Although reductions to support for household solar panels and small wind turbines are smaller than had been originally proposed, campaigners said the 65 per cent cut would be a “hammer blow for households, jobs and UK plans for tackling climate change”.

The Government estimates the cuts could cost between 9,700 and 18,700 jobs in the solar industry. Solar companies said that the decisions showed “Paris has changed nothing”.

UN climate change announcement

As well as cuts to so-called feed in tariffs for domestic solar power generation – a scheme in which householders are paid for electricity generated – support for larger scale solar projects, which currently cost only around £3 a year on household bills, will be closed down from April 2016.

The Solar Power Association said that scrapping the so-called Renewables Obligation for solar projects was “not in the interests of bill payers”, adding that solar would have soon become “the cheapest low carbon energy source”.

Investor confidence in the sector would now be shaken, setting a “dangerous precedent” for the future of green energy, the group said.

Energy and Climate Change Secretary Amber Rudd, who said less than a week ago that the Paris accords would “ensure all countries are held to account for their climate commitments”, said her priority was to keep down household bills.

Solar subsidies are paid through energy bills. Cuts in support announced are predicted to save between £500m and £600m.

“My priority is to ensure energy bills for hardworking families and businesses are kept as low as possible whilst ensuring there is a sensible level of support for low carbon technologies that represent value for money,” she said.

“We have to get the balance right and I am clear that subsidies should be temporary, not part of a permanent business model. When the cost of technologies come down, so should the consumer-funded support.”

However, Seb Berry, of solar panel developer Solarcentury said the Government had “taken the axe to the only UK renewable that has a realistic plan to be off support mechanisms by 2020”.

The plans suggested “Paris has changed nothing,” he said and were a “million miles away” from the Government’s pledge of a “solar revolution” – made as recently as June.

Alasdair Cameron, Friends of the Earth’s renewable energy campaigner, said the Government had “shown its true colours”.

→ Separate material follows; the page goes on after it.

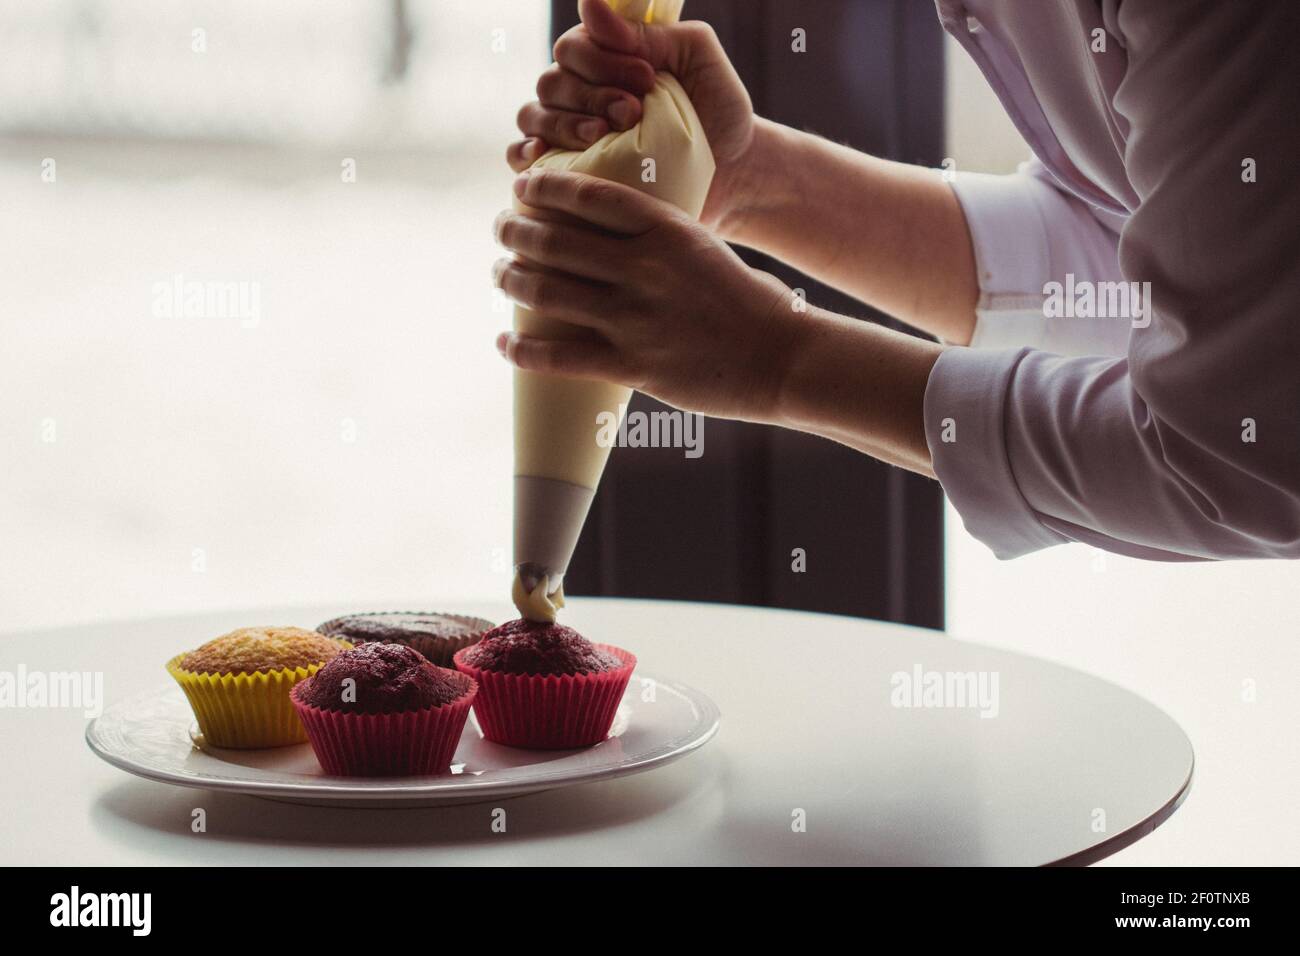 Un cupcake es un pequeño pastel diseñado para servir a una persona, que  puede ser horneado en un pequeño papel delgado o una taza de aluminio. Al  igual que con las tortas

“And they’re certainly not green,” he said. “These huge, misguided cuts are a massive blow for jobs and the economy, and further undermine the Government’s already tarnished credibility on tackling climate change.”

A former head of the Government’s advisory Climate Change Committee said he believed that, while David Cameron and the Department for Energy and Climate Change were committed to combatting climate change, pressure on costs from the Chancellor was forcing the Government’s hand.

Lord Turner, a former CBI director told the BBC: “I would love – as someone who believes that we have to make better effective action on climate change – that George Osborne was more of a believer of this in his heart and fundamentally I don’t think he is.”

Lisa Nandy, Labour’s Shadow Energy and Climate Change Secretary said that cuts to solar subsidies were “short-sighted”.

“These cuts stand in stark contrast to the generous hand-outs ministers recently announced to dirty diesel generators,” she said. “At a time when energy bills are a big concern it makes no sense to limit one of the cheapest forms of clean energy."